[What you need to do] Before printing the listing, strip out its pictures and keep everything else exact.

*** Data section Section Begins ***

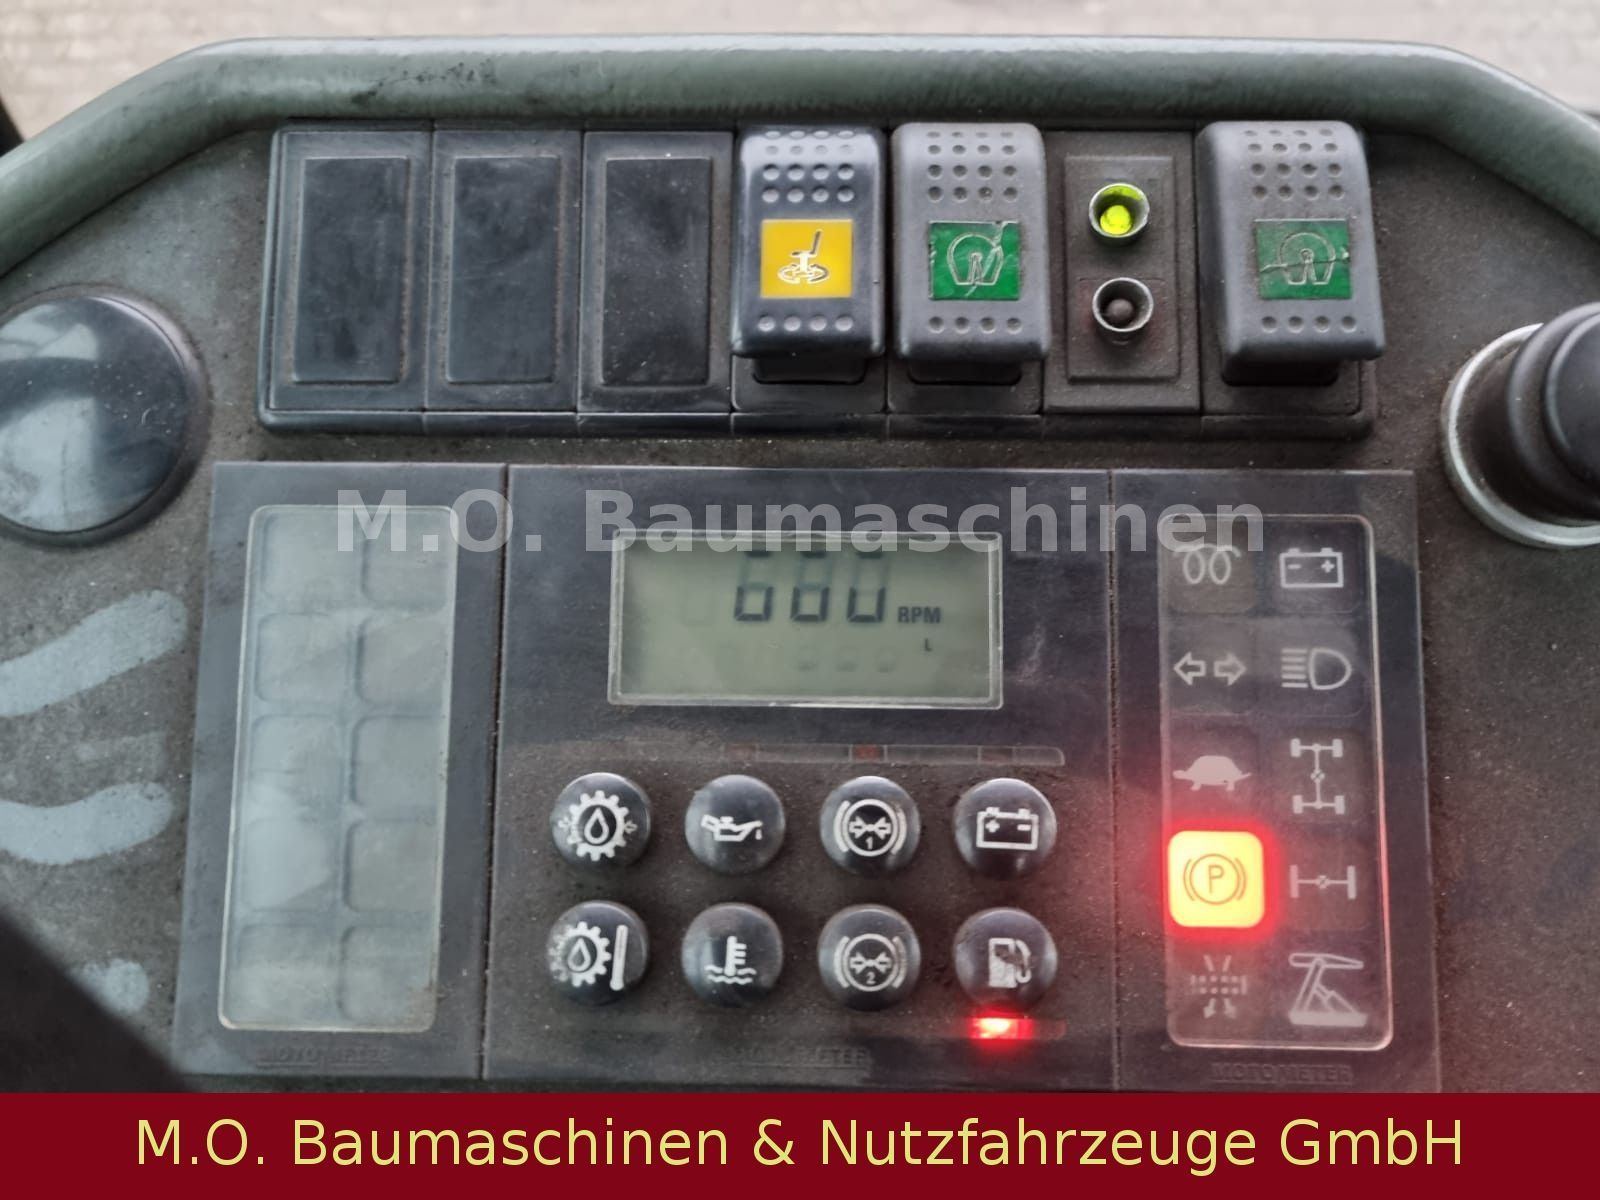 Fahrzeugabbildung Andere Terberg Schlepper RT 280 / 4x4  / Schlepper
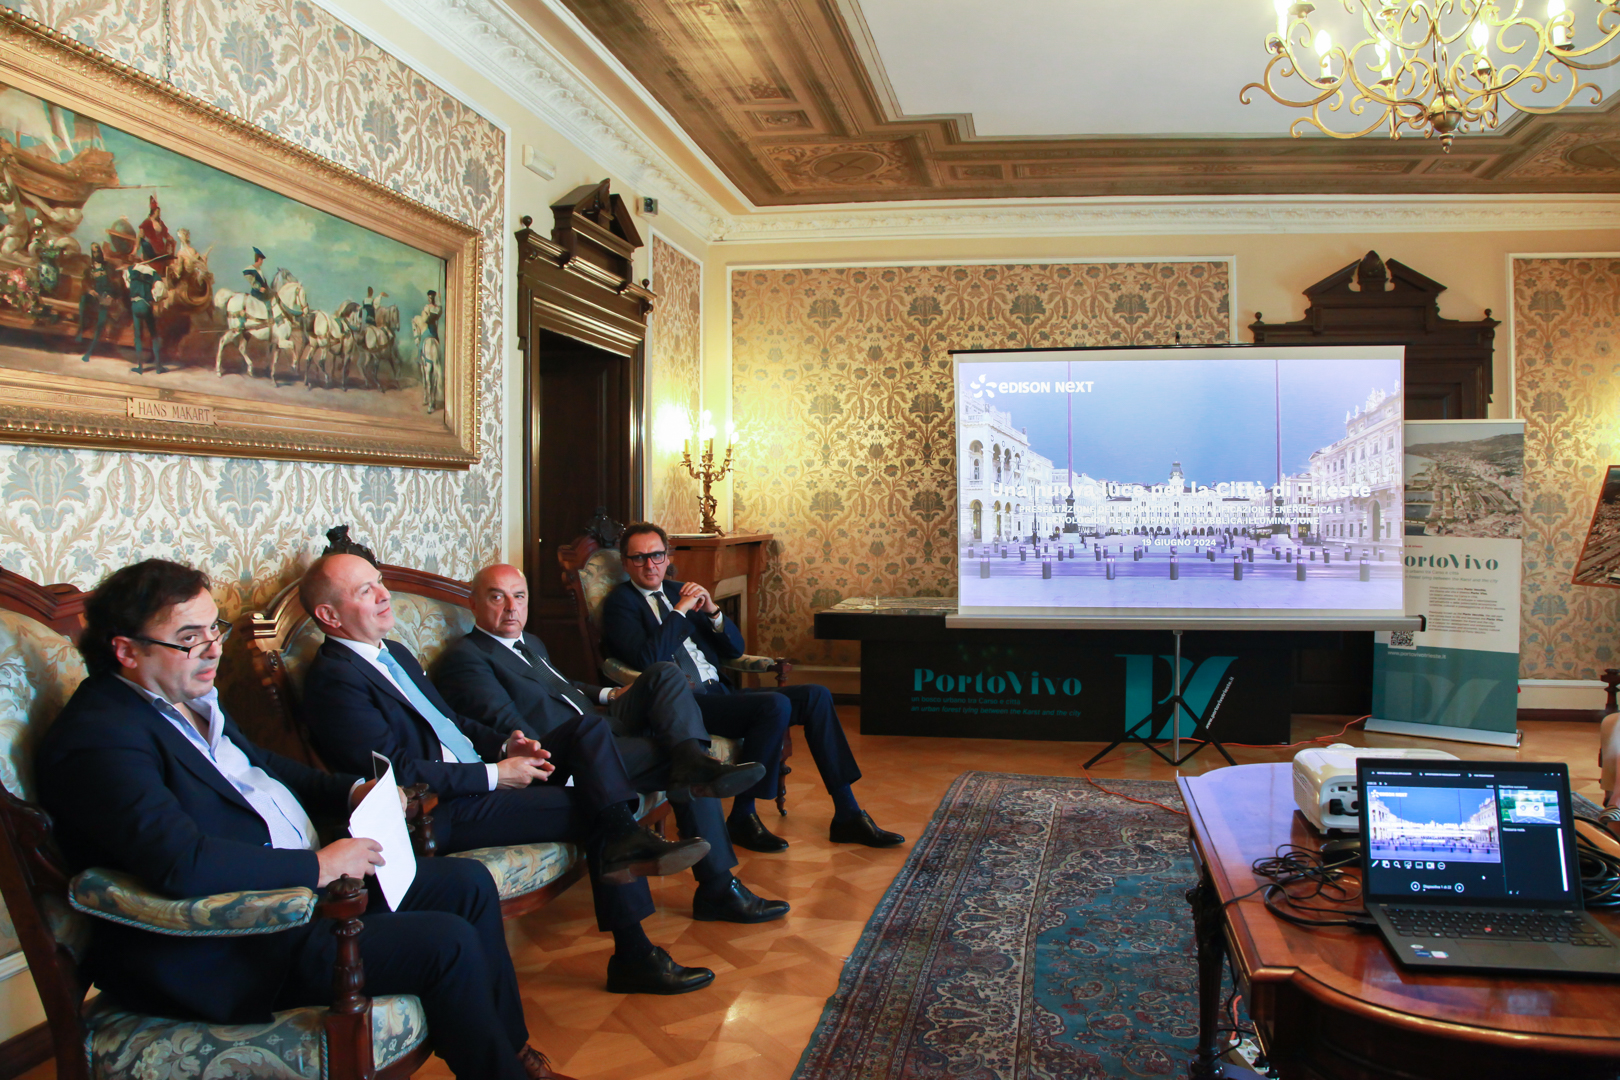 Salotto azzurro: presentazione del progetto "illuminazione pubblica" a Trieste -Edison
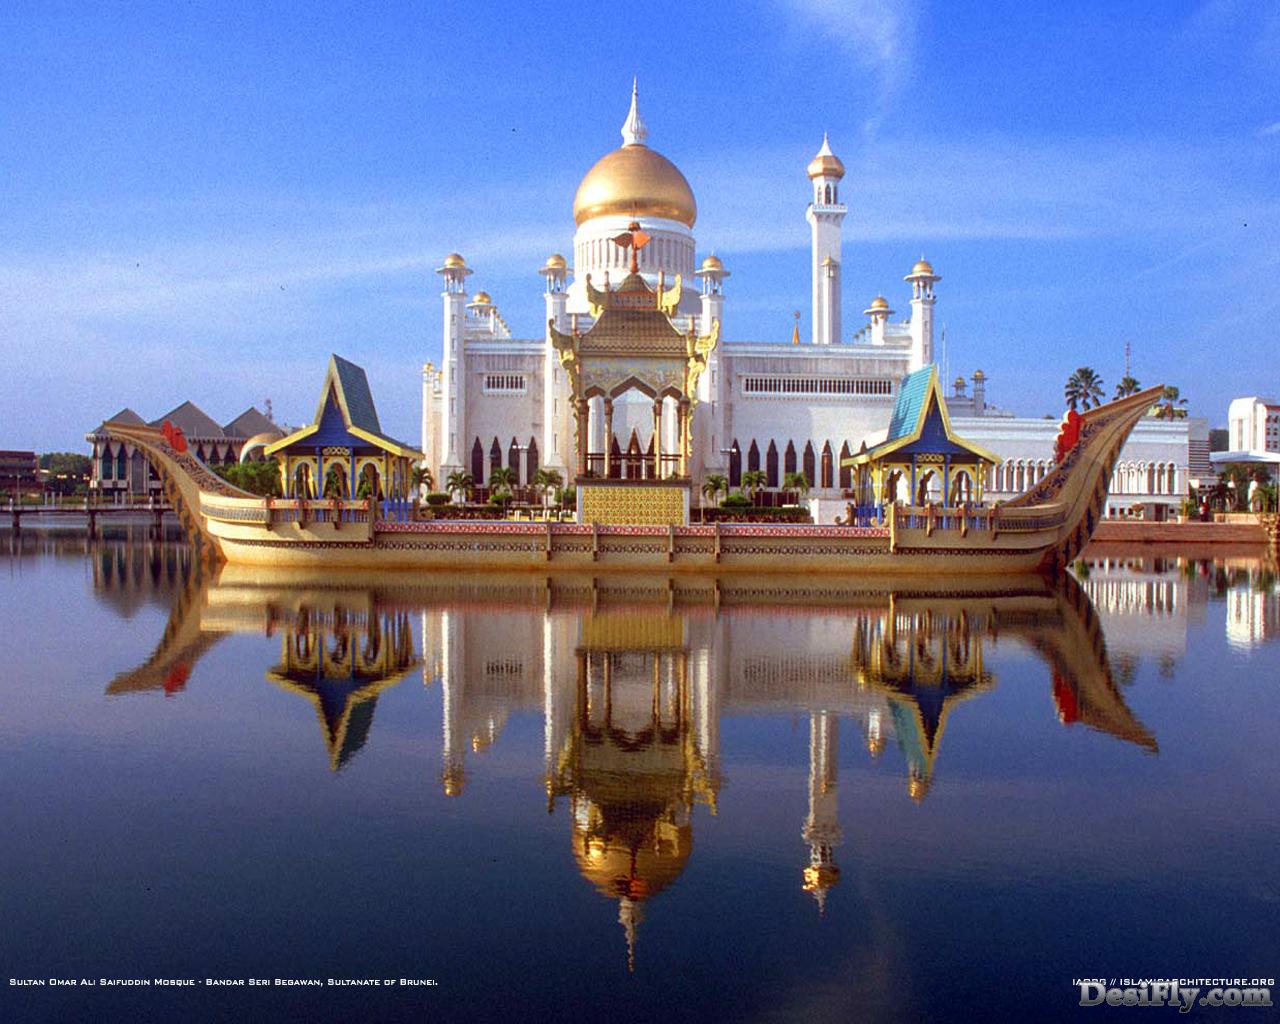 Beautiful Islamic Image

*** Data section Section Ends ***

[The answer]
 Fahrzeugabbildung Andere Terberg Schlepper RT 280 / 4x4  / Schlepper
 Salotto azzurro: presentazione del progetto "illuminazione pubblica" a Trieste -Edison
 Beautiful Islamic Image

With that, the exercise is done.